For the past three decades, research in this arena has been published in diverse academic journals (e.g., primarily management, entrepreneurship, psychology, economics, and, to a lesser degree, and family sciences; for recent reviews, see Debicki, Matherne, Kellermanns, & Chrisman, 2009; Gedajlovic, Carney, Chrisman, & Kellermanns, 2012; Sharma, Chrisman, & Gersick, 2012; Wright & Kellermanns, 2011; Yu, Lumpkin, Brigham, & Sorenson, 2012). Most of this research has broadly focused on the exploration and investigation of areas primarily related to the business side of the family business equation, involving topics such as goals and objectives (e.g., economic goals, goal formulation), strategy formulation and content (e.g., strategic planning, competitive advantage, business strategy, entrepreneurship), and management (e.g., leadership, professionalism, succession planning), with limited attention to the family relations and dynamics that undergird these family business issues (e.g., family functioning, stress, well-being, communication, family structure, value systems; Debicki et al., 2009).

As coeditors of this special collection, we hope that these articles will stimulate additional interdisciplinary research that will explore important family and family business dynamics, processes, policies, practices, programs, and interventions that appear to positively influence the intersections between families and family businesses. Because so much is at stake, it is vitally important for family science and family business scholars to bring their scholarly endeavors together to help us better understand the complex relationships existing between the business performance of the familycontrolled or -owned firms and organizations in conjunction with the possible implications (e.g., functioning) this has for the individual, the family, the community, the family business, and the economy. By better understanding these interface issues and challenges, family and business scholars can collaboratively and strategically design solutions that positively impact work, training (family life education), career development programs, and assistance strategies enabling employees/families to be more engaged (at home and work), happy, successful, healthy (e.g., well-being), more productive (e.g., competitive, profitable), and fulfilled in their dual roles as employers and family members.
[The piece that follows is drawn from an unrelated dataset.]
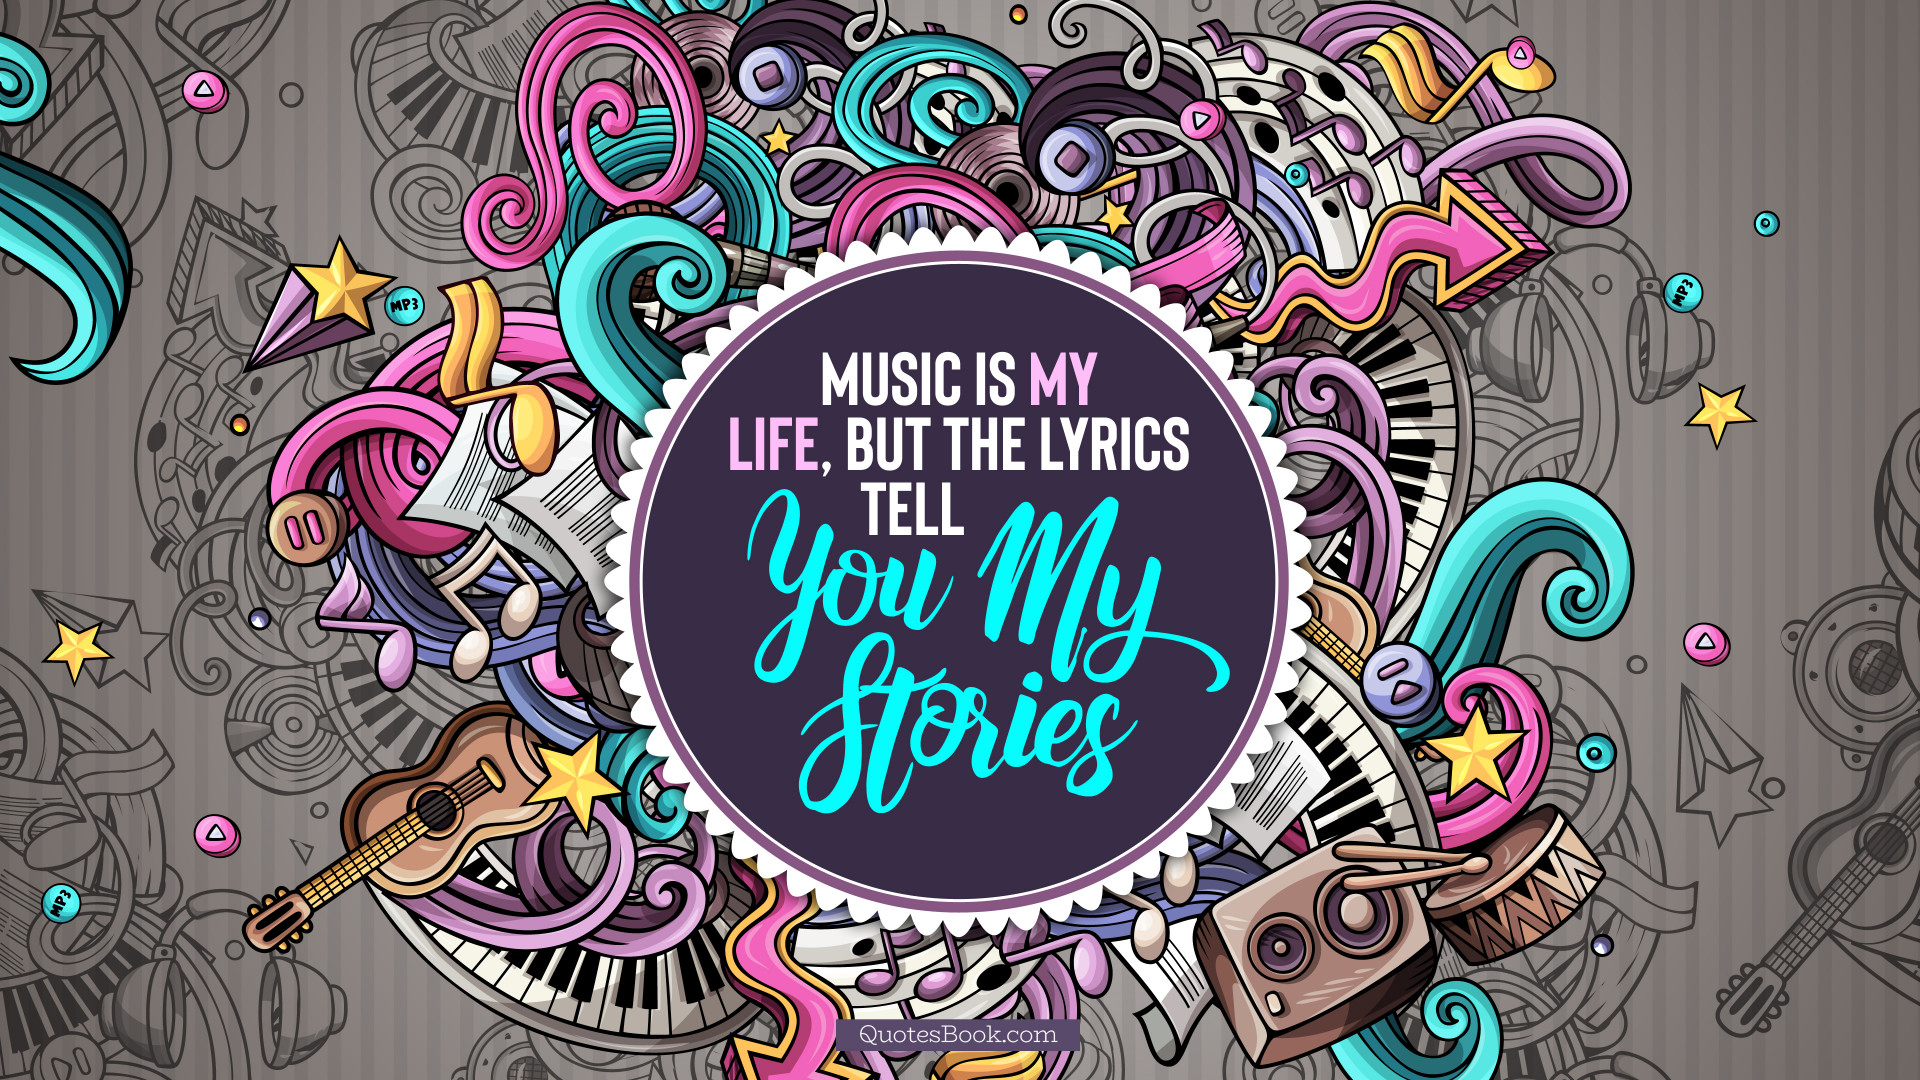 Music is my life, but the lyrics tell you my stories - QuotesBook
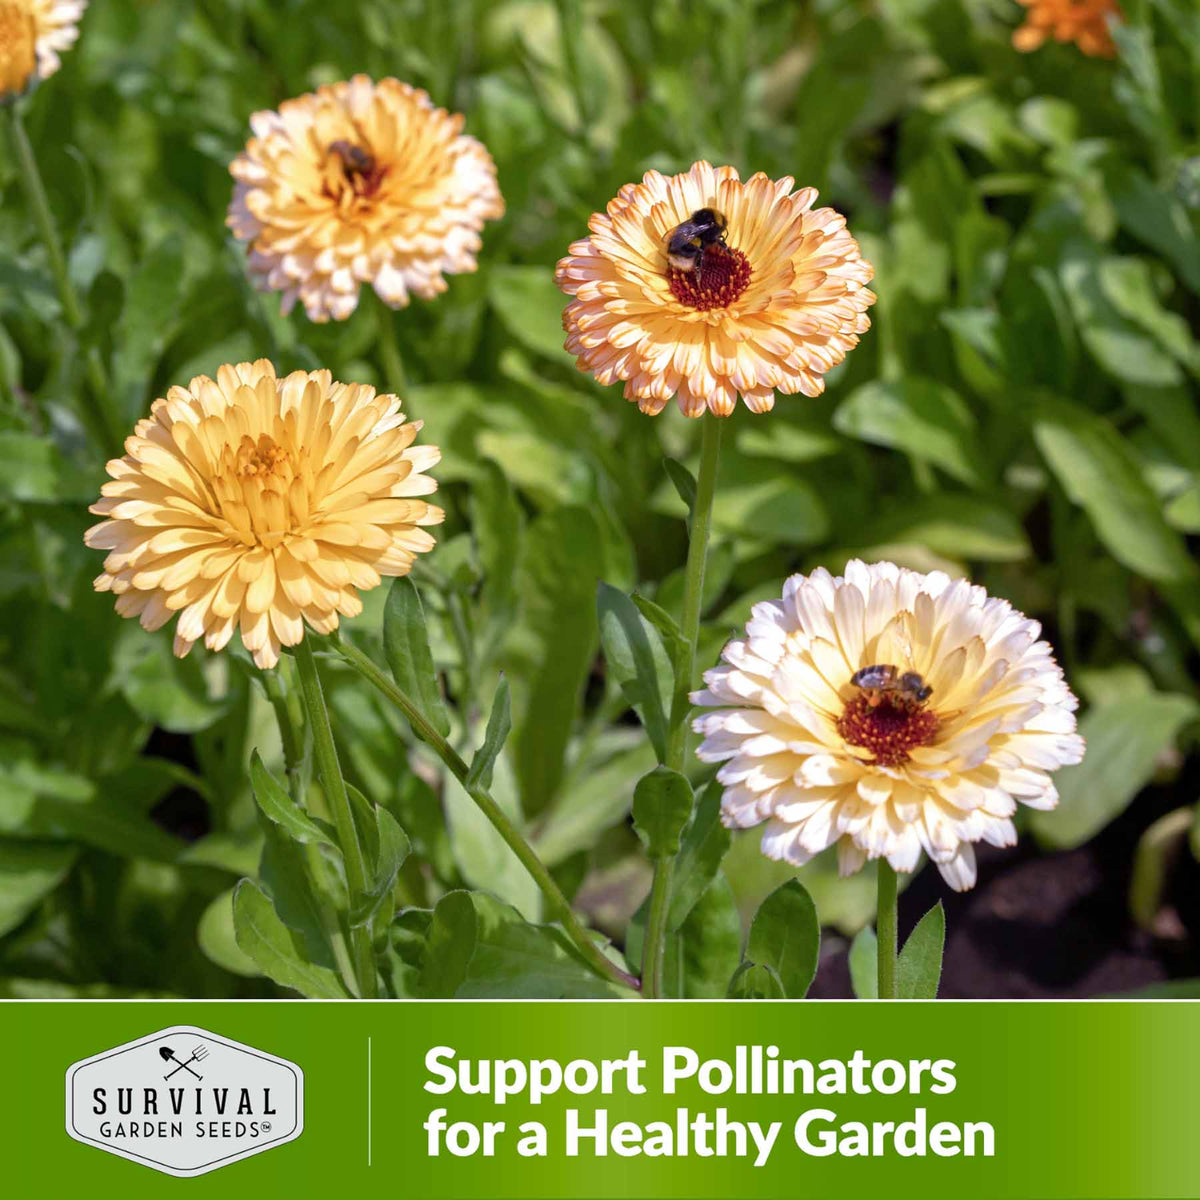 Support pollinators for a healthy garden

PURPOSE AND BRIEF ARTICLE DESCRIPTIONS IN THE SPECIAL COLLECTION

The purpose of this Family Relations special collection is to examine the interface existing between family relations and dynamics and family businesses using relevant theory, research, and practice. More specifically, this special collection focuses on the broad range of philosophical, theoretical, conceptual, and empirical issues and challenges operating between families and family businesses with the intention of providing researchers and practitioners in various fields of study (e. …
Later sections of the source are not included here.